A Lei nº 11.705/2008, popularmente conhecida como Lei Seca, representa um marco no ordenamento jurídico brasileiro no combate à condução de veículos sob a influência de álcool ou substâncias psicoativas. Com o objetivo de reduzir acidentes de trânsito e promover a segurança viária, a legislação adotou uma postura rigorosa, estabelecendo tolerância zero para a presença de álcool no organismo do condutor e impondo penalidades severas, como multas, suspensão da habilitação e até prisão em casos mais graves. No entanto, em um sistema jurídico que busca equilibrar a repressão penal com medidas despenalizadoras, é relevante analisar a aplicação da Lei Seca à luz do Acordo de Não Persecução Penal, introduzido no sistema processual penal brasileiro pelo art. 28-A do Código de Processo Penal (CPP), por meio da Lei nº 13.964/2019, o chamado Pacote Anticrime.
A Rigidez da Lei Seca e seus Efeitos Práticos
A Lei Seca, ao alterar o Código de Trânsito Brasileiro (CTB), trouxe consigo um regime de tolerância praticamente nula para a condução sob efeito de álcool. Conforme dispõe o art. 165 do CTB, a infração administrativa é configurada com qualquer concentração de álcool por litro de sangue ou ar alveolar, sendo excetuando-se apenas margens técnicas de erro dos equipamentos de medição, passível de 0,04 mg/L. Já o art. 306 do CTB tipifica o crime de dirigir sob a influência de álcool ou substâncias psicoativas, com penas de detenção de seis meses a três anos, multa e suspensão do direito de dirigir.
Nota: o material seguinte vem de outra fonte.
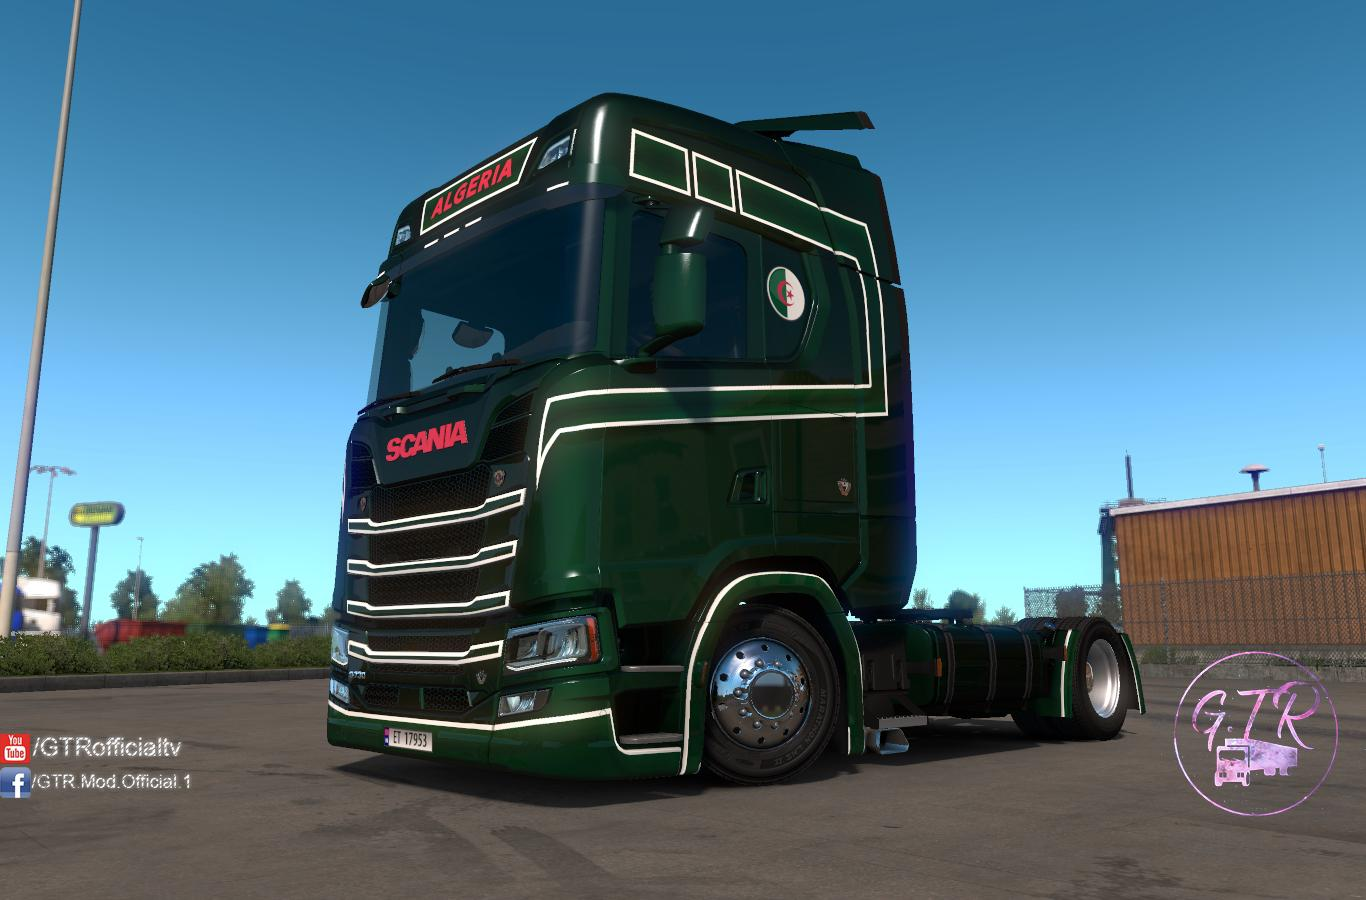 ETS2 - Scania S Next Gen Algeria Skin (1.35.X)

Apesar de seu caráter repressivo, a Lei Seca tem sido eficaz na redução de acidentes de trânsito relacionados ao consumo de álcool. Contudo, sua aplicação rigorosa, especialmente em casos de baixa concentração alcoólica ou de condutores sem antecedentes criminais, tem levantado questionamentos sobre a necessidade de medidas alternativas que promovam a despenalização e a ressocialização, sem abrir mão da segurança viária.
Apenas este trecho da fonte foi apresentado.